Самую худую память о роде Гришиных в народе оставил дед Кронид. Разбогатев на золоте и медной руде в одно время с Расторгуевым и Зотовым, он заслужил ненависть крепостного люда и ушел в могилу с прозвищем Кронид-Живоглот. Отец, по прозвищу Лукьян Грабастый, славился скупостью, болел падучей, умножив богатство, рано умер, оставив наследником Лукьяна Лукьяновича, когда тому шел тридцатый год…
3
Ветреной ночью на подходе одиннадцатого часа Дымкин верхом ехал в усадьбу Гришина. Миновав сосновый бор, увидел в темноте огонек в окошке сторожки возле ворот заимки. Подъехав к сторожке, постучал в окошко черенком плетки. Из сторожки вышел с фонарем в руках караульный, разглядев седока, кланяясь, торопливо закидал слова:
– Милости просим, Осип Парфеныч, милости просим!
– Хозяин, поди, спит?
– Какой сон! Кою ночь бессонничает.
– Пьет?
– Слава богу, видать, малость притомился. Отходит от зелья. Потому вчерась с утра приказал привезти из Кусы Алену-сказочницу. Седни весь день чай пьет да сказки слушает.
– Проведи в дом.
– Милости просим! – Караульный распахнул калитку.
Дымкин, спешившись, завел коня во двор, спросил:
– Чего псы молчат?
– Нету их. В Сатку по приказу хозяина угнали. Мешала ему песья брехня.
Идя впереди и светя фонарем, караульный провел Дымкина по крытому двору, выстланному плахами, к крыльцу. Поднявшись по ступенькам, они зашли в просторные сени, по стенам увешанные связками веников и заставленные ларями. Из сеней вошли в горницу, из нее вышли в коридор, устланный коврами, и, наконец, караульный остановился у одной двери, прислушавшись, утвердительно пояснил:
– Тута! Теперча ступай один.
– Челядь где?
– На ночь уходит из дому во флигель за пасекой. Пошел я.
Караульный ушел, оставив Дымкина в темноте коридора.
Постояв, прислушиваясь к доносившемуся из-за двери женскому говору, Дымкин открыл дверь.
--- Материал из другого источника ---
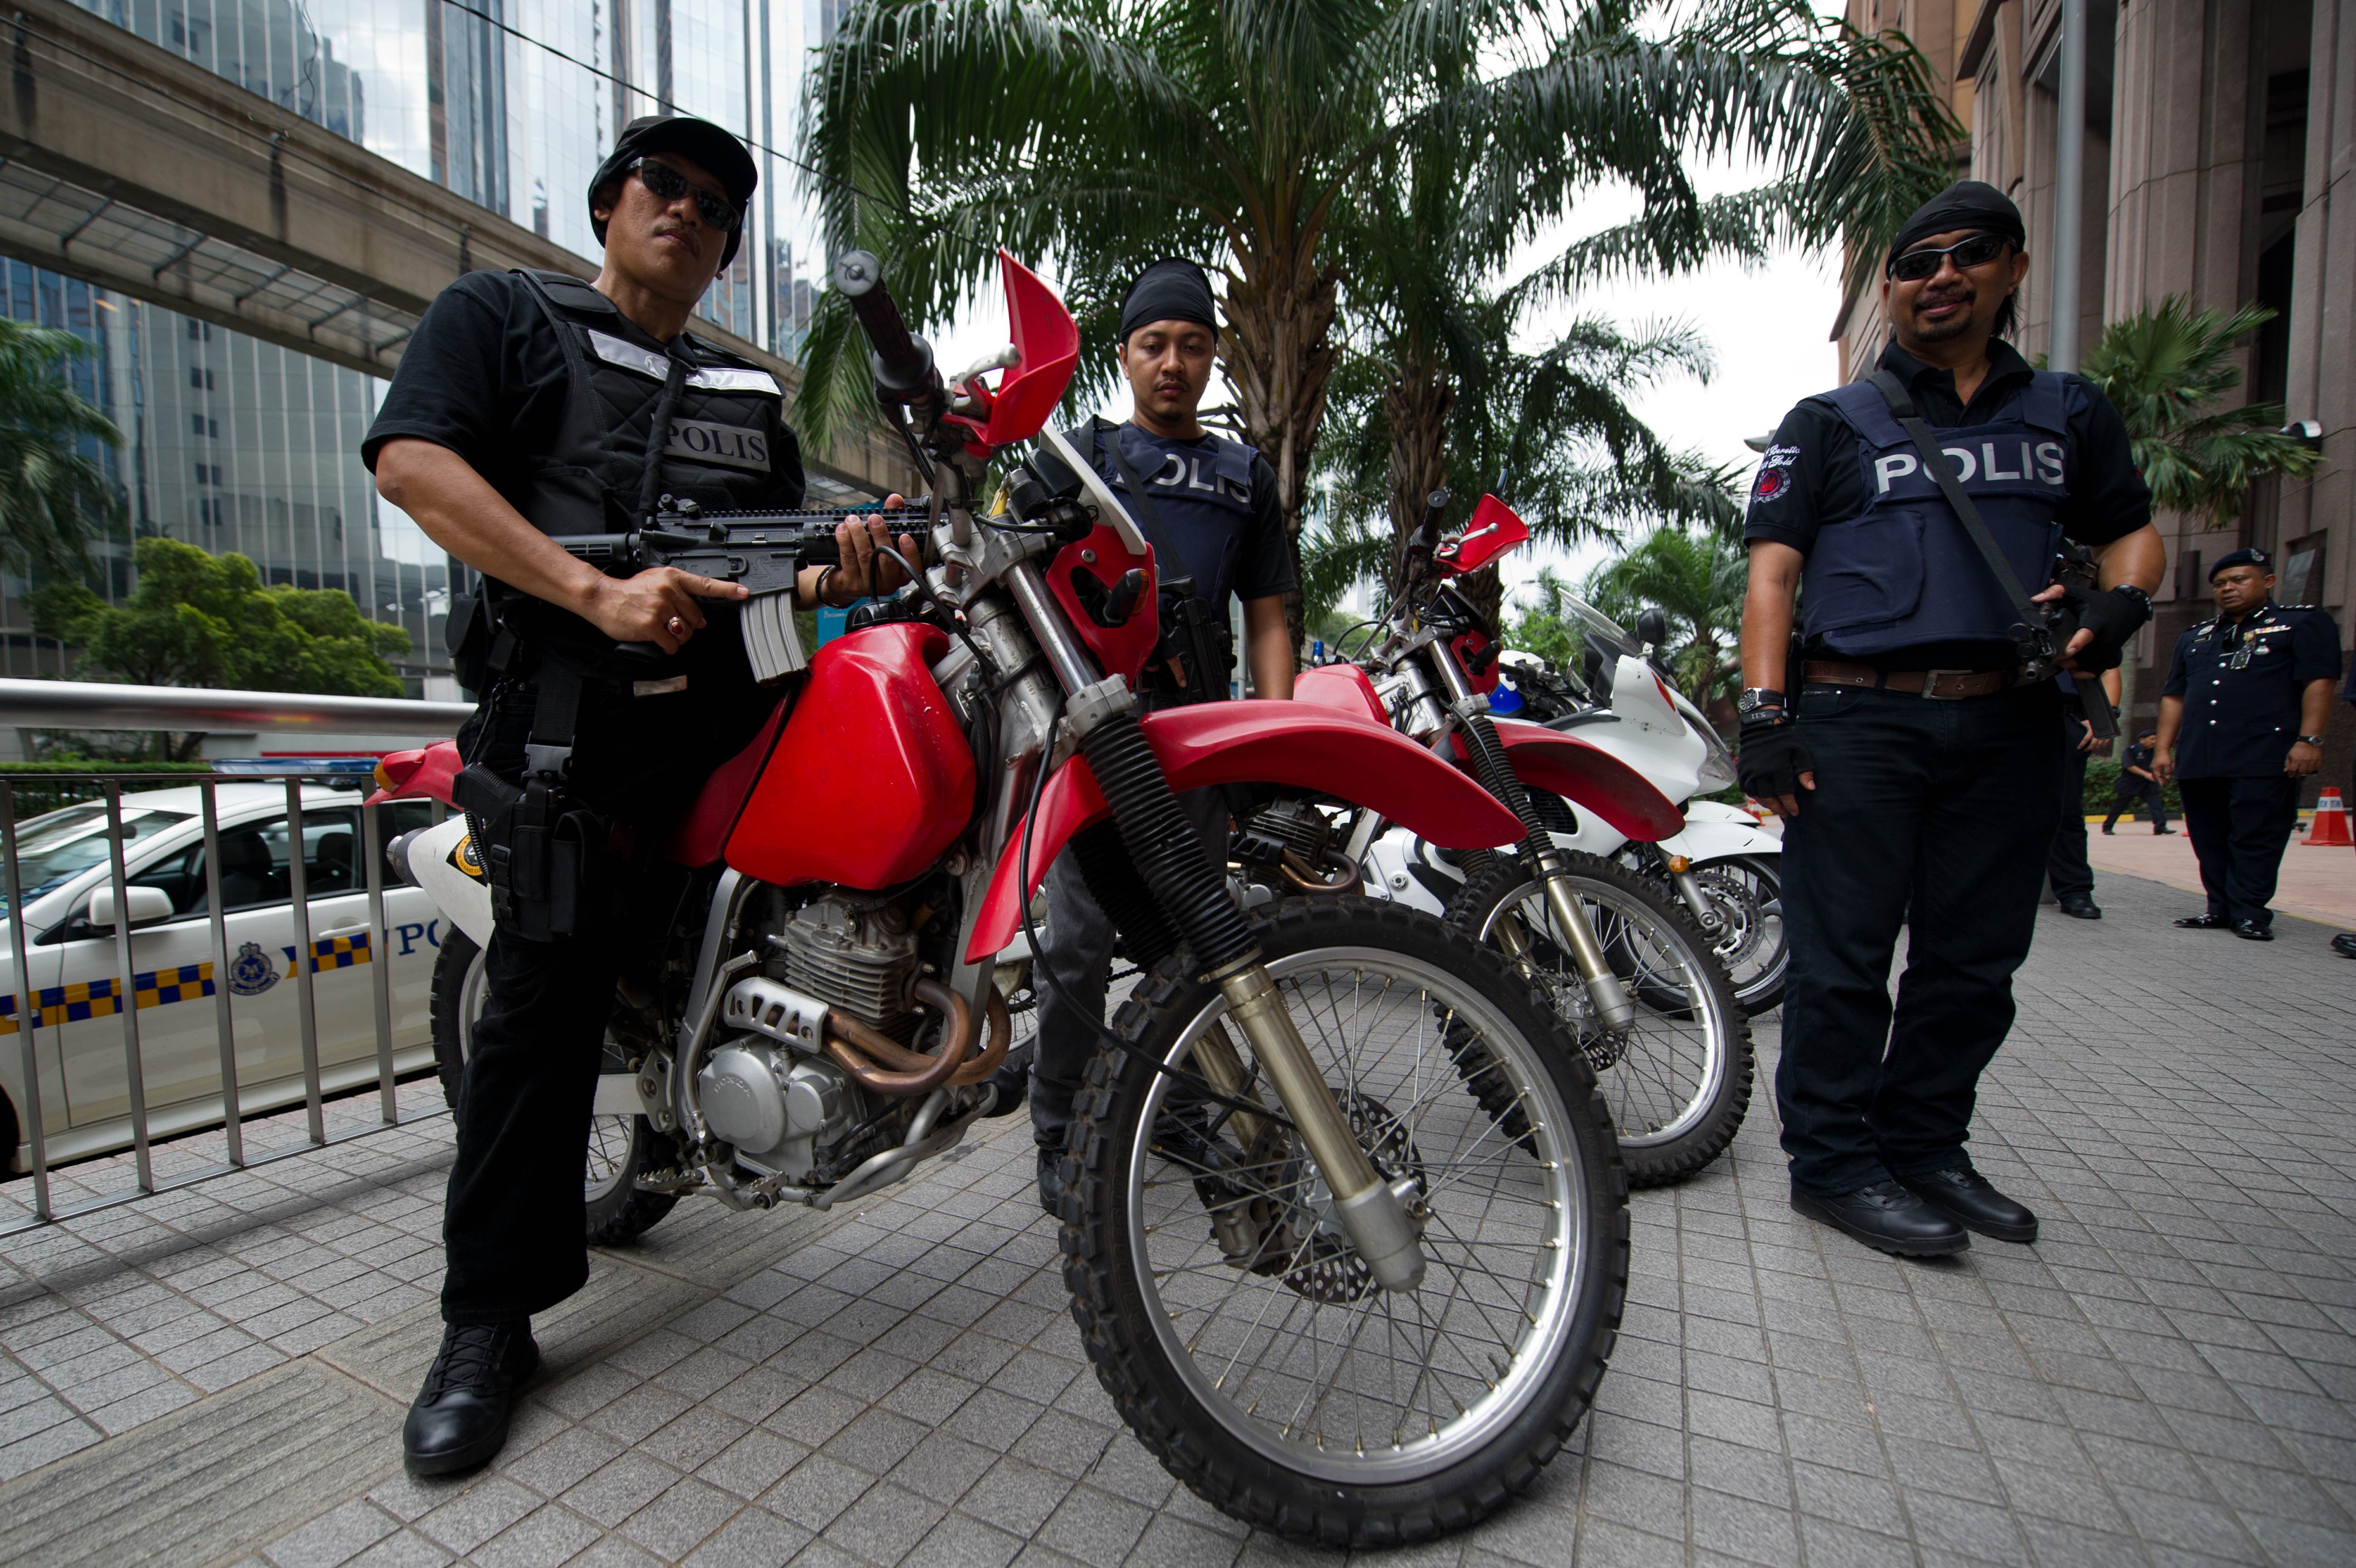 Malaysian policemen are battling against gang violence blamed on drug-trafficking turf wars, easily obtained guns, and government policies that critics say marginalise ethnic Indians. Photo: AFP
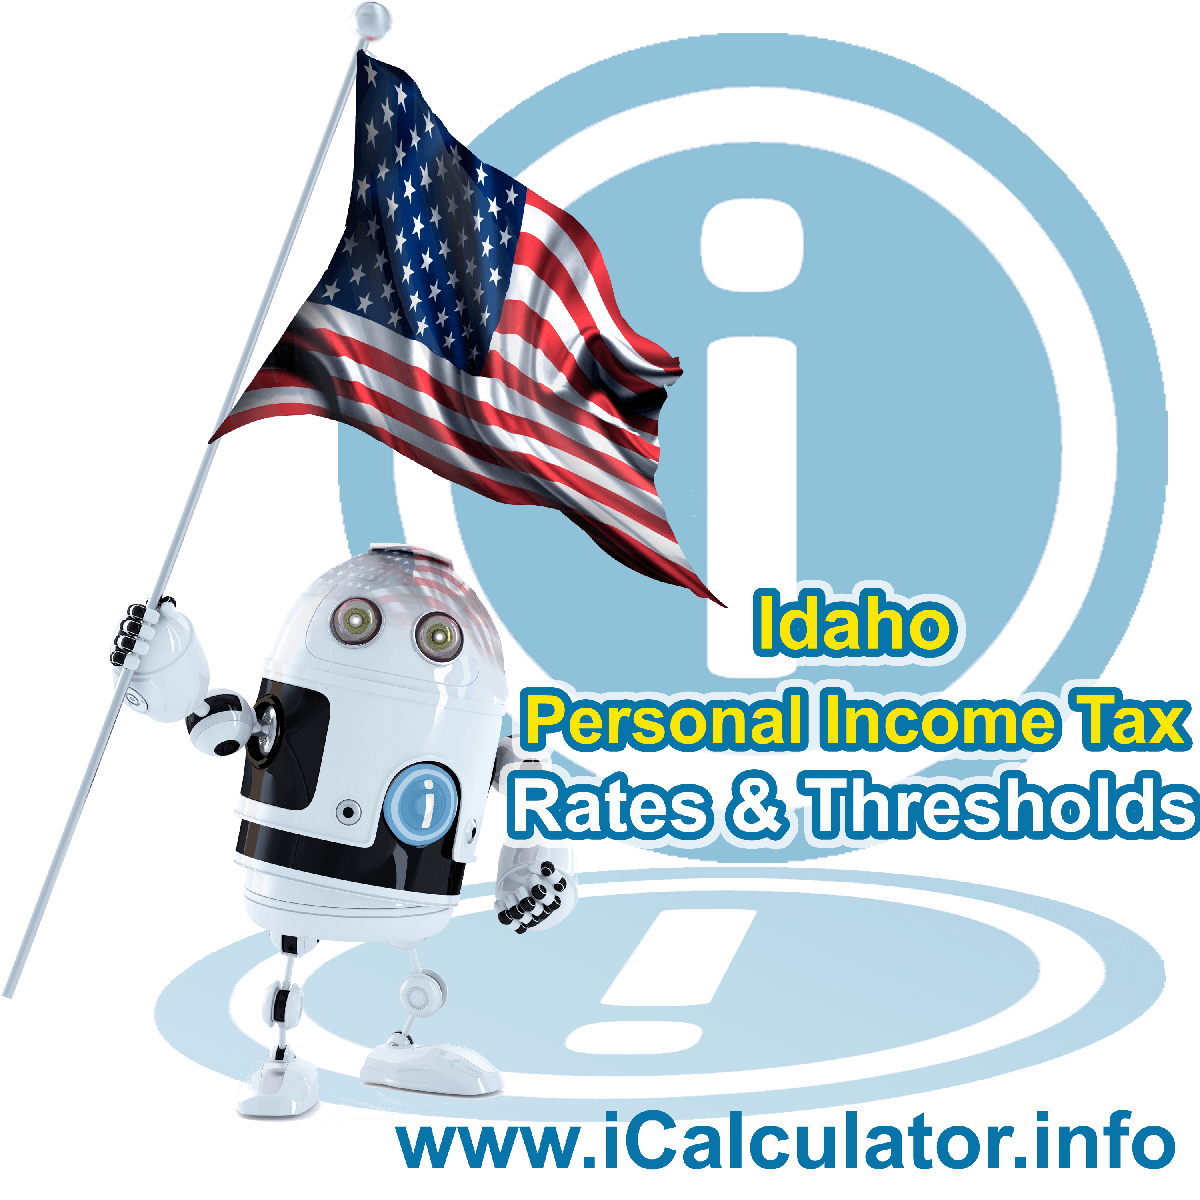 Idaho State Tax Tables 2018. This image displays details of the Idaho State Tax Tables for the 2018 tax return year which is provided in support of the 2018 US Tax Calculator

В просторной комнате полумрак. На столе в подсвечнике горела свеча, украшая стены расплывчатыми тенями. У стола с самоваром сидела в кресле седая старуха в черном сарафане, закрыв глаза, вполголоса рассказывала. Напротив нее в таком же кресле, только с подушкой, утопив в ней спину, в малиновом бархатном халате, накинутом на плечи поверх исподнего белья, сидел тучный Лукьян Лукьянович Гришин и спал с приоткрытым ртом.
Старуха, уловив шорох, открыла глаза, а разглядев в полумраке пришедшего Дымкина, торопливо перекрестилась и встала на ноги. Дымкин, приложив палец к губам, подошел к столу, жестом приказал старухе уйти. Она с поклонами запятилась к двери, запнувшись за ковер, упала на колени, но, проворно встав, вышла.
Дымкин оглядел убранство горницы. На заимке он первый раз. Стены обиты синим бархатом, вдоль них лавки, накрытые коврами. Голландская круглая печь в цветастых изразцах. Подле нее широкая деревянная кровать под балдахином, украшенным затейливой резьбой по дереву. Взяв в руку со стола свечу, Дымкин, подойдя к креслу, осветил хозяина. Лицо у Гришина опухшее и багровое. Холеная борода, его гордость, завязана под подбородком тугим узлом. Голова замотана полотенцем с красной каймой. Под глазами мешки с синими жгутиками жилок.
Дымкин, оглядев Гришина, покачав головой, поставил свечу на стол. Гришин, засопев, закашлялся, а когда кашель стих, не открывая глаз, выкрикнул:
– Чего молчишь, Алена! Сказывай, куда леший царевну завел. Алена! Не сплю я!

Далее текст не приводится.